Rae looked exhausted...but elated. He peered at her whilst appearing to be focussed on the paper in his hand.

He’d spent the last week overseeing her from afar, making sure she was safe just as he’d assured Rafe he would do, but he’d kept away. Waiting for her to finally admit that this latest stunt was a step too far; that she was out of her league with the game she was playing with the media; that she’d overestimated her hand in trying to improve her image by coming out to a place like this to volunteer.

Because a place like this ate into your soul. The poverty, the sickness, the pain. He recognised it only too well from his years of operational tours. Indeed, this was tame compared to some of the horrific places he’d visited; missions he’d been a part of.
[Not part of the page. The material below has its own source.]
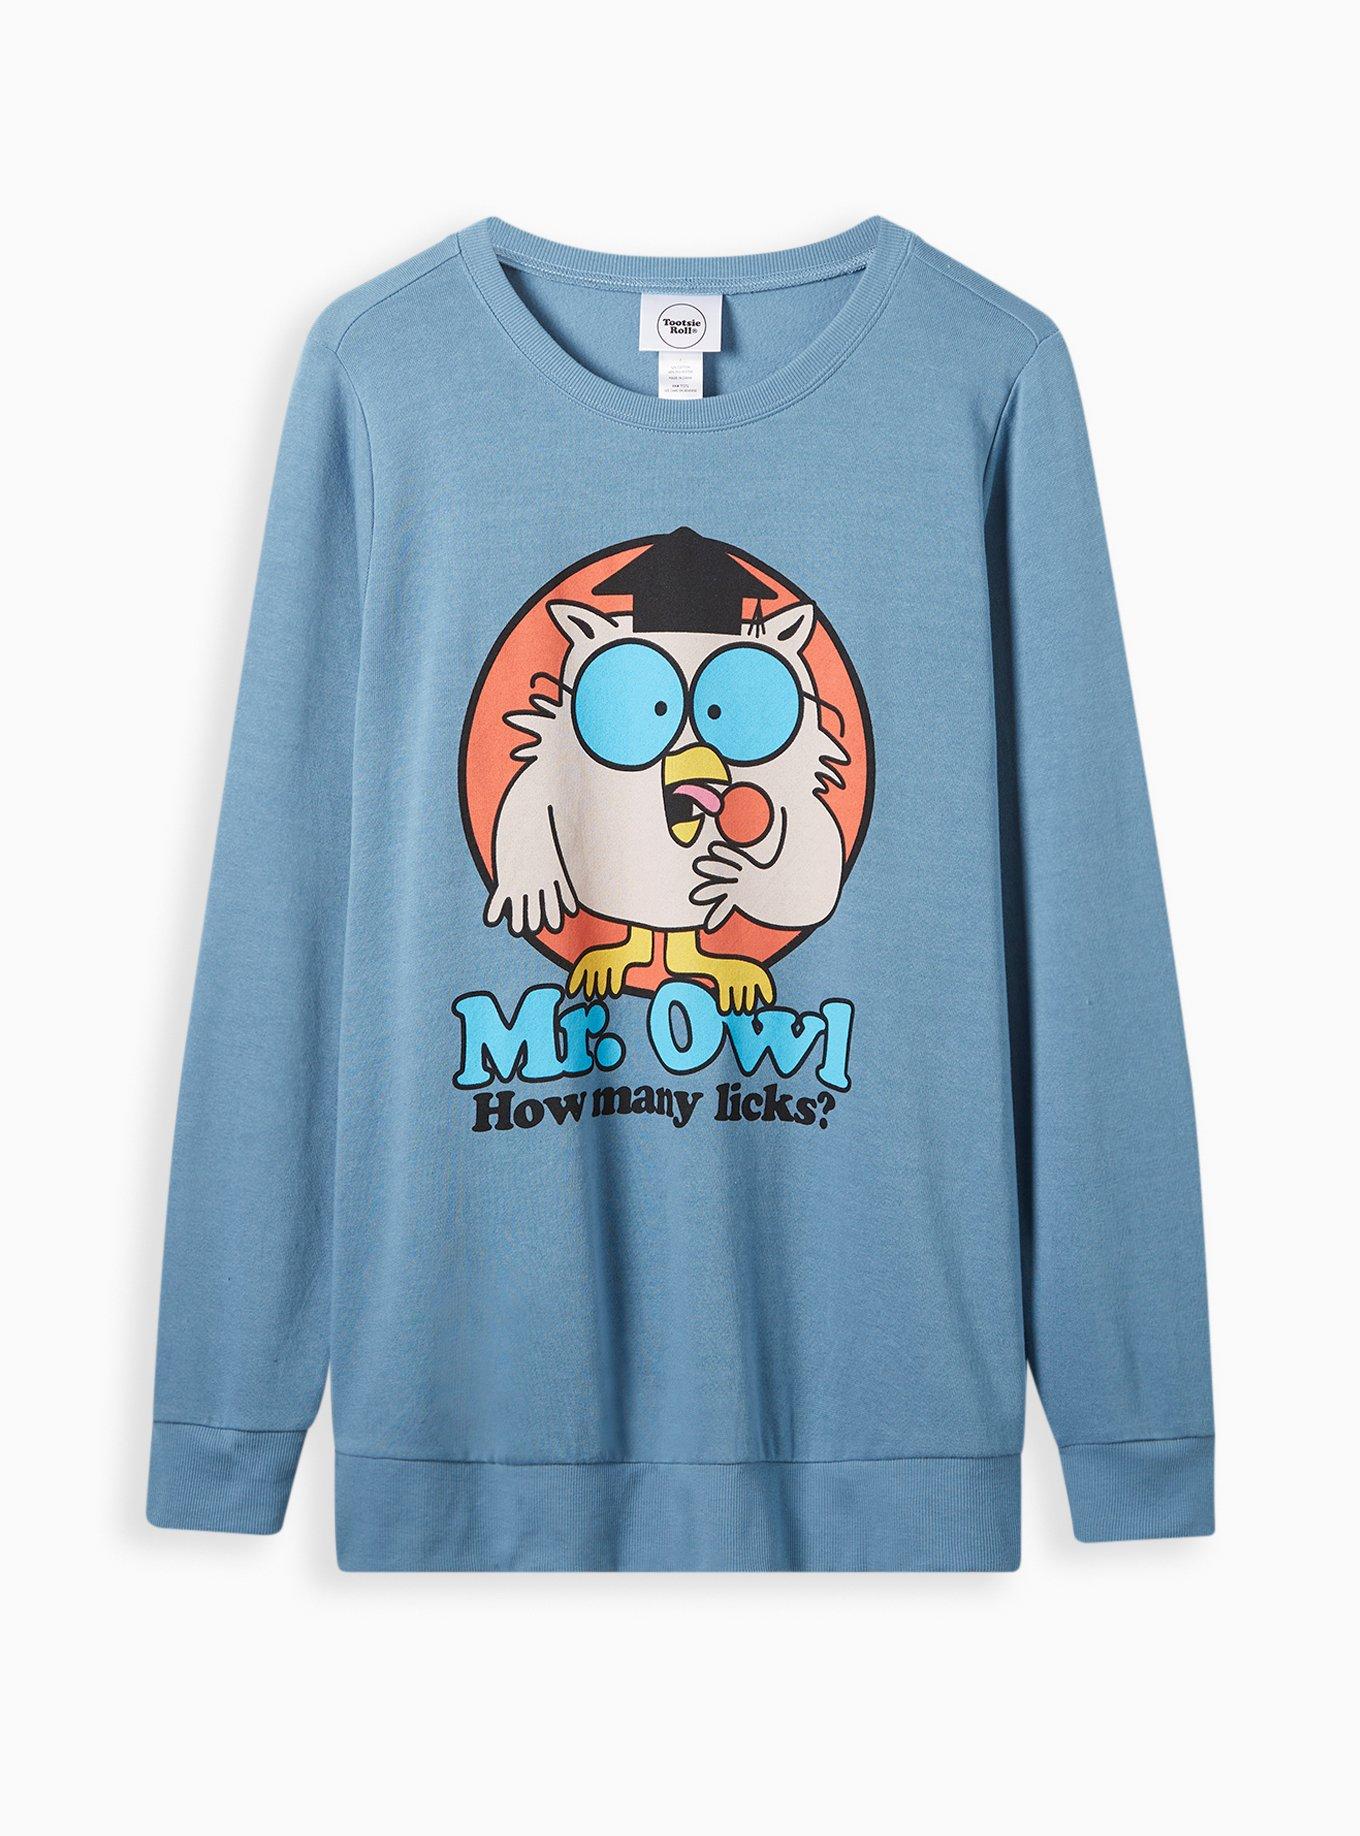 Fleece Pullover Hoodie, Nite Owl Marketing

But it was still eating him alive.

For someone as pampered as Raevenne Rawlstone, it should certainly have been enough to send her screaming back to New York, and the best, cushiest, private practice posting that Rafe’s contacts could buy her.

Instead, she was fitting into life out here in a way he’d never anticipated. She hadn’t folded, crumbled, or run to contact her brother to get her a way out of here because she couldn’t cope, but rather she’d taken a deep breath, rolled her sleeves up, and thrown herself into chaotic camp life.

Which only made it all the more difficult for him to keep his distance. She was like some kind of breathtaking, beautiful angel. But a beauty, he had to remind himself, that only went skin-deep.

‘I still don’t understand why the clothes have to sit in this place under lock and key, when there are people out there who need them.’

He told himself not to react to her sad expression.

‘Because there aren’t enough to go around,’ he answered simply. ‘If we hand them out now to some families and not to others, we’d have fighting on our hands. That’s why all this stuff stays here. Trousers, shoes, tees, whatever. Once we have enough for each family, we’ll distribute them.’

‘I guess.’ She chewed her lip. ‘But some families are clearly in greater need than others.’

‘Which is why the forward camp near the border gives a basic package to every family coming through their gates.’ He shrugged as he located the crate, taking out a couple of pairs of trousers. ‘It’s the best we can do. Certainly the fairest way we can do it. Which one is closest to his size?’

‘Probably that one.’ She pointed. ‘Have you got a belt?’

He snorted.

‘You’re not shopping in one of your designer stores now. There’s some twine over there. Cut a length off, that will have to do.’

He told himself he didn’t notice when she wrinkled her nose and offered him an involuntary sheepish smile. Nor did he notice when she shifted awkwardly from one foot to the other with that little finger-twist tell of hers.

‘Myles, I... I wanted to apologise for...you know...that night last week. I—’

There was no reason whatsoever for anything to lance through him the way that it did.

‘Forget it,’ he cut her off briskly, deliberately focussing on the task in hand.

He tracked across the warehouse.

‘Myles...’

He thrust the blankets at her before getting her to sign the authorisation slip and giving her the bottom copy. Then he moved off, ostensibly to find a new bag of donations to sort through and filter into pallet boxes, but she shuffled along behind him.

‘I don’t want to hear it, Raevenne.’

For a moment he thought she might have stopped. Turned away. And then she spoke again, quietly, urgently.

‘I need to apologise for that night, Myles. I wasn’t...it wasn’t...that wasn’t me, that night.’

‘Don’t you need to get those blankets and trousers to your patient?’